Fine-tuning bitnet-b1.58-2B-4T-bf16 on Korean dataset results in high loss (~3.3–3.6)
Hi, and thanks for the great work on BitNet!
I'm trying to fine-tune microsoft/bitnet-b1.58-2B-4T-bf16 using a Korean dataset (nlpai-lab/kullm-v2) with SFTTrainer.
However, during training, the loss remains around 3.3 to 3.6, and doesn't decrease significantly. Is this expected for Korean fine-tuning?
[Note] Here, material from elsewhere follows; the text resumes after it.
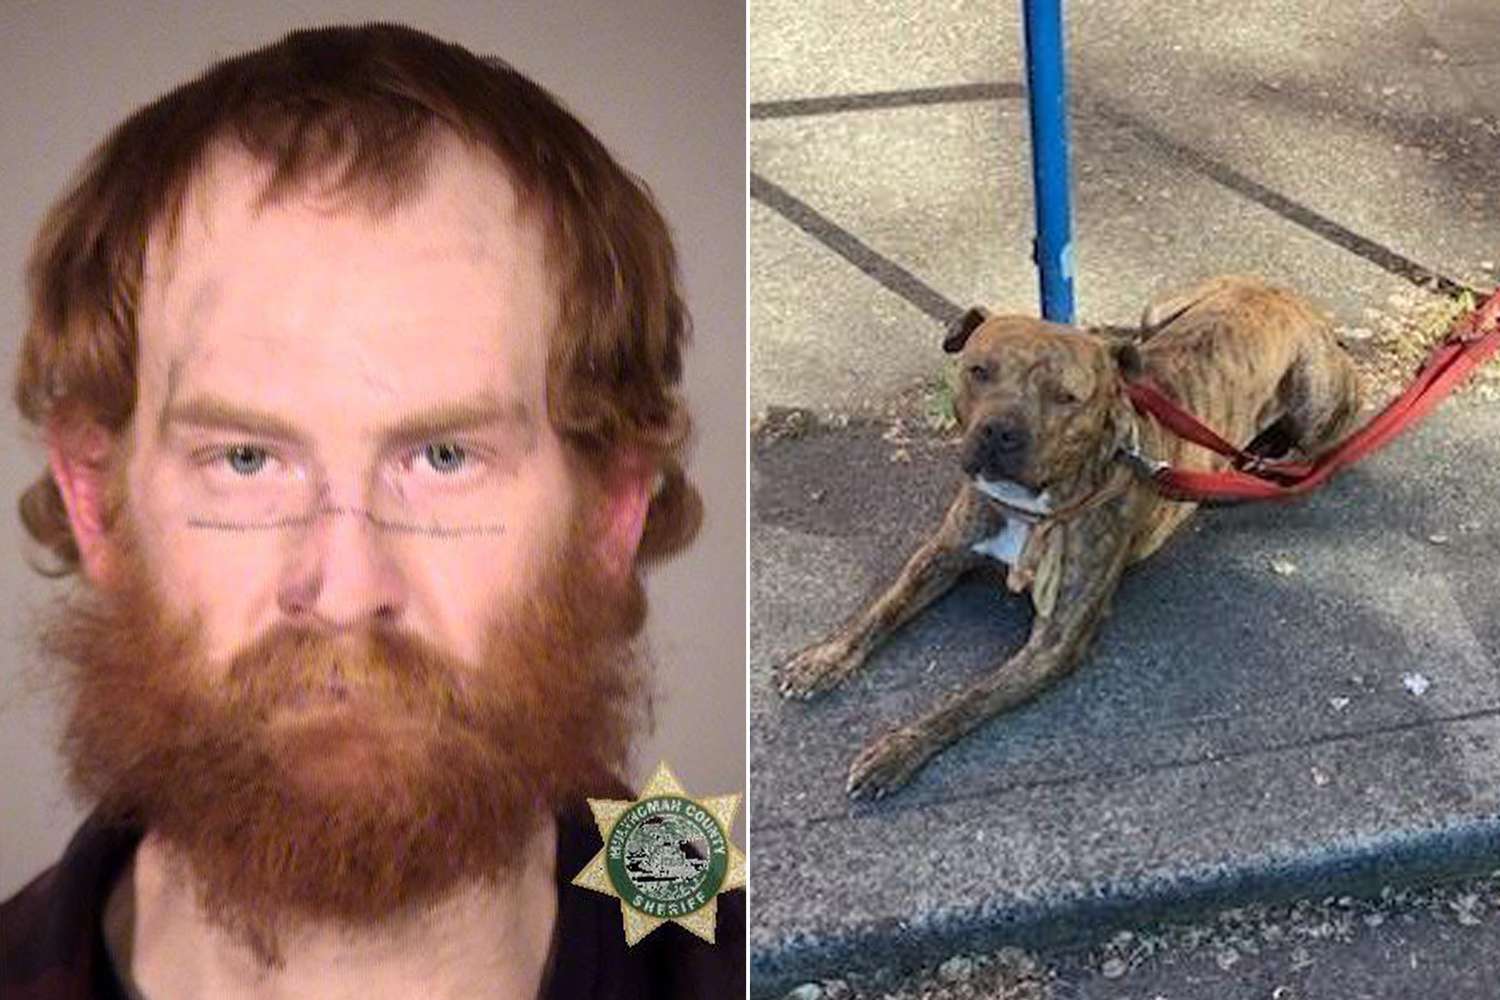 White Man Allegedly Sicced His Pit Bull on Black Security Guard After Hurling Racial Slur

Here’s a summary of my setup:
- Model: microsoft/bitnet-b1.58-2B-4T-bf16
- Dataset: nlpai-lab/kullm-v2 (Korean dataset: https://huggingface.co/datasets/nlpai-lab/kullm-v2)
- Trainer: SFTTrainer
- Loss remains high even after hundreds of steps.
Fine-tuning code:
!pip install trl
!pip install transformers accelerate
import torch
from trl import SFTConfig, SFTTrainer
from datasets import load_dataset
from transformers import AutoModelForCausalLM, AutoTokenizer, TrainingArguments
torch.cuda.empty_cache()
dataset = load_dataset("nlpai-lab/kullm-v2", split="train")
def preprocess(example):
instruction = example.get("instruction", "")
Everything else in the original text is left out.